---- Material provided

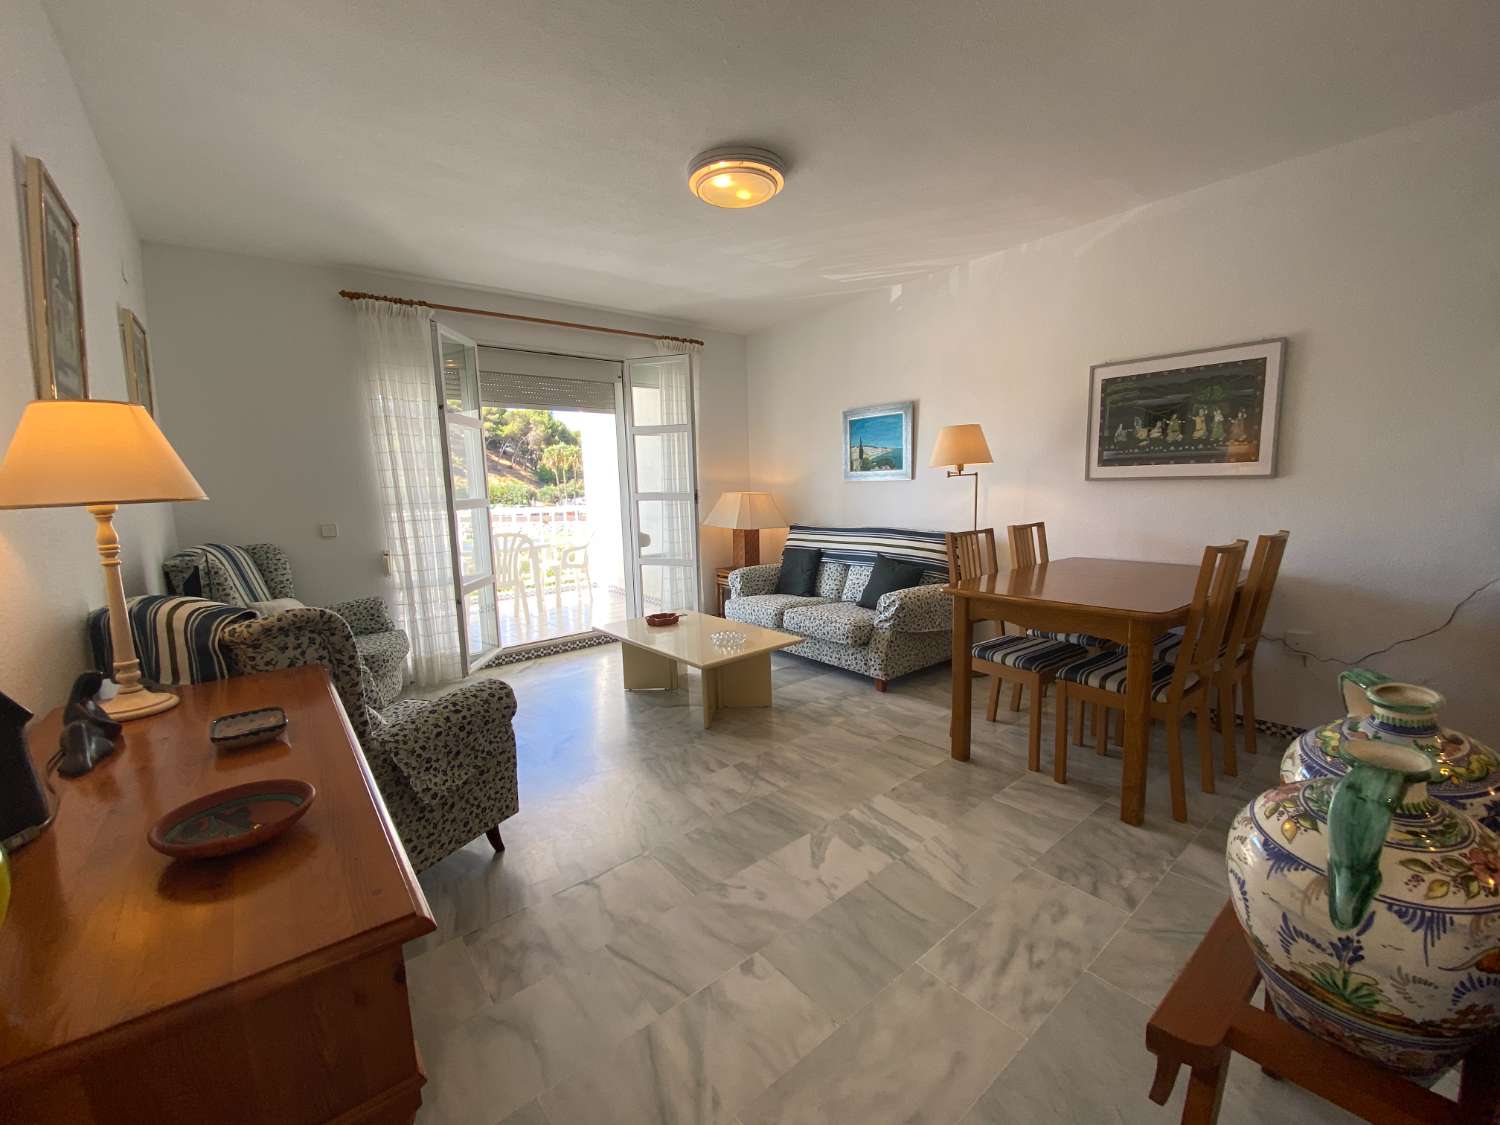 Excellent appartement de 2 chambres avec vue sur la mer à Fuengirola
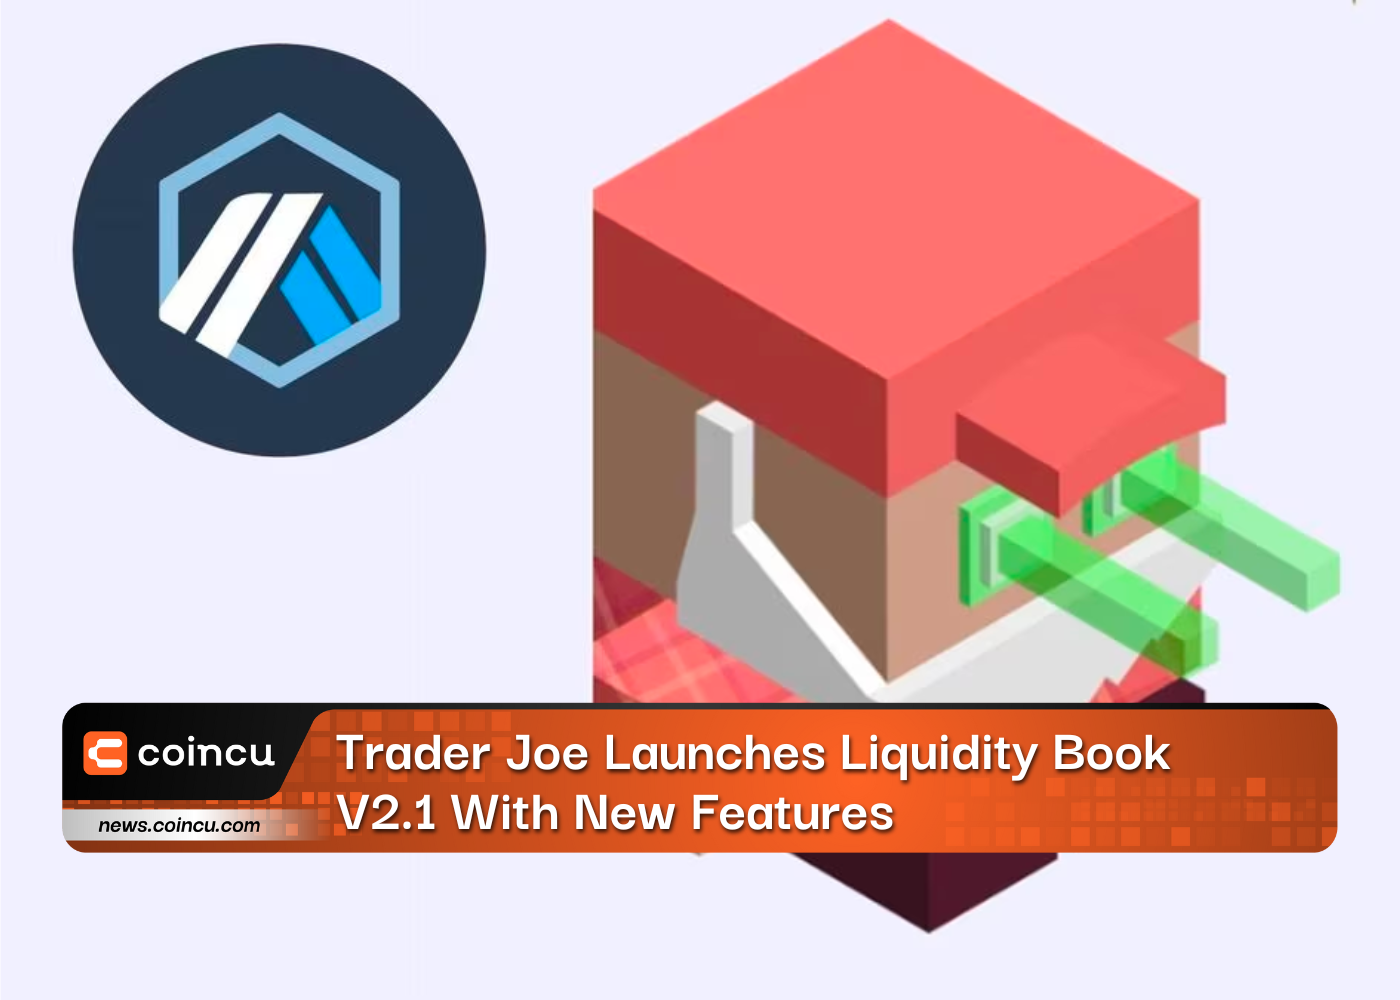 Trader Joe bringt Liquidity Book V2.1 mit neuen Funktionen auf den Markt
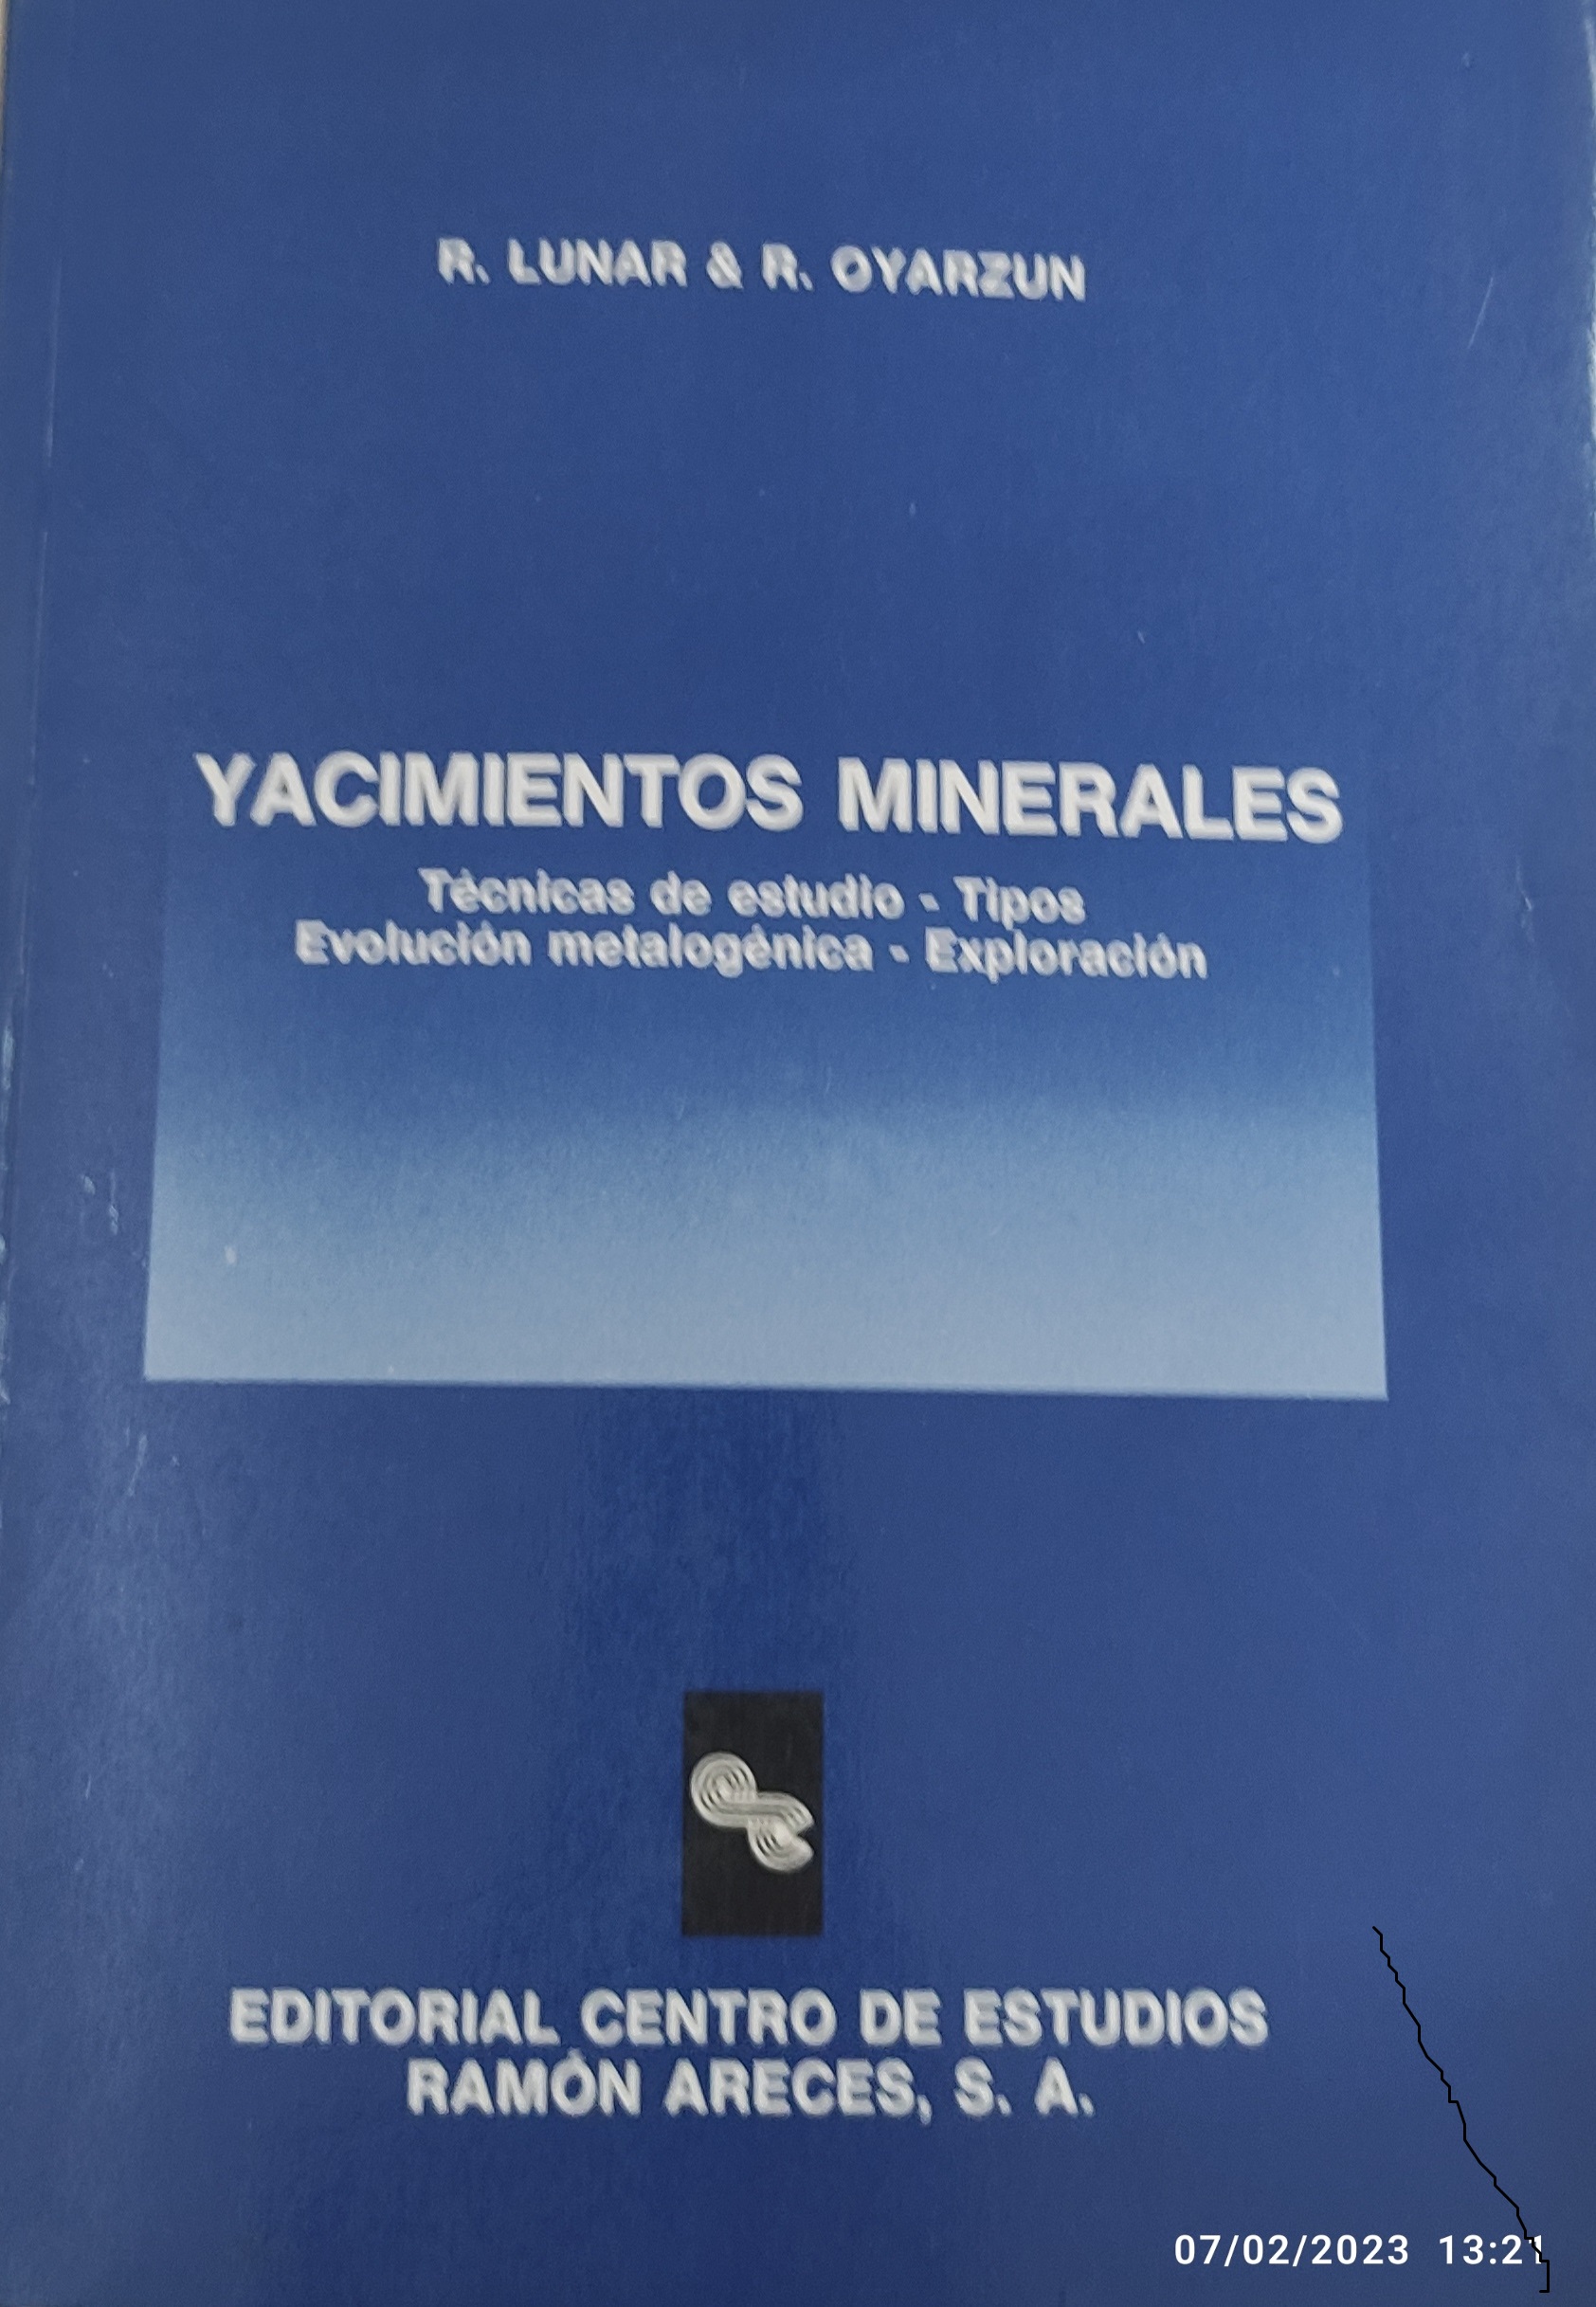 Imagen de portada del libro Yacimientos minerales

--------

• [What the exercise asks]: The pictures are not wanted, but every line of the listing should be duplicated exactly.

• [Exercise response]:
 Excellent appartement de 2 chambres avec vue sur la mer à Fuengirola
 Trader Joe bringt Liquidity Book V2.1 mit neuen Funktionen auf den Markt
 Imagen de portada del libro Yacimientos minerales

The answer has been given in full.